How does the price of oil affect the Canadian dollar?

The price of oil is a key factor influencing the value of the Canadian Dollar. Oil is Canada's largest export, so the price of oil tends to have an immediate impact on the value of the CAD. Generally, if the price of oil rises, the CAD also rises, as aggregate demand for the currency increases. The opposite occurs if the price of oil falls. Higher oil prices also tend to lead to a higher probability of a positive trade balance, which also supports the CAD.

How does inflation data influence the value of the Canadian Dollar?

Although inflation has traditionally always been considered a negative factor for a currency, as it reduces the value of money, the opposite has actually happened in modern times, with the relaxation of cross-border capital controls. Higher inflation often leads central banks to raise interest rates, attracting more capital inflows from global investors looking for a lucrative place to store their money. This increases the demand for the local currency, which in the case of Canada is the Canadian Dollar.

How does economic data influence the value of the Canadian dollar?

The published macroeconomic data measures the health of the economy and may have an impact on the Canadian dollar.

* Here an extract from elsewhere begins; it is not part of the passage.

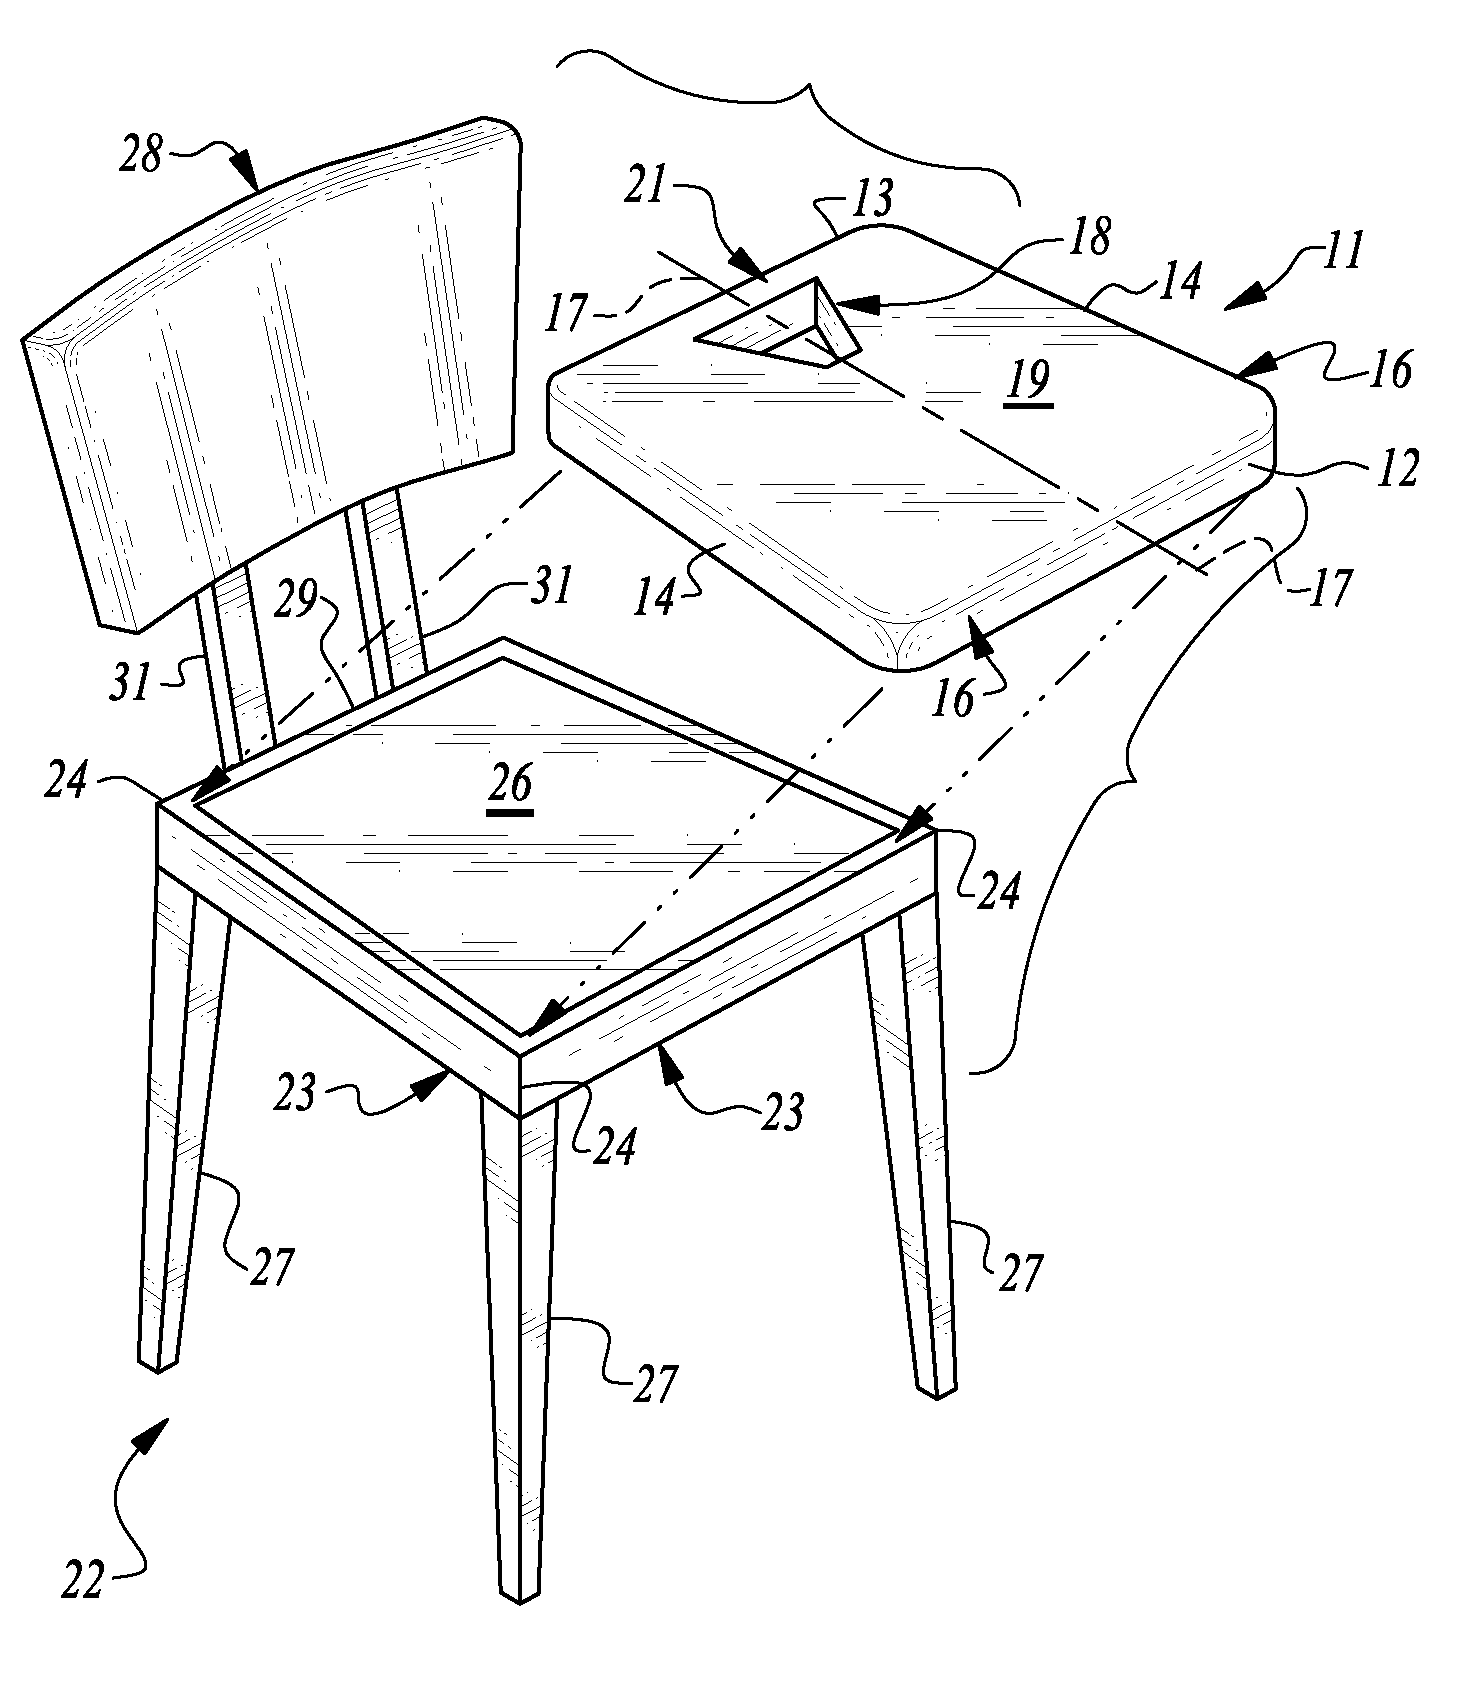 Seat Cushion With Recessed Region To Provide Spinal Decompression

Indicators such as GDP, manufacturing and services PMIs, employment and consumer confidence surveys can influence the direction of the CAD. A strong economy is good for the Canadian dollar. Not only does it attract more foreign investment, but it may encourage the Bank of Canada to raise interest rates, resulting in a stronger currency. However, if economic data is weak, the CAD is likely to fall.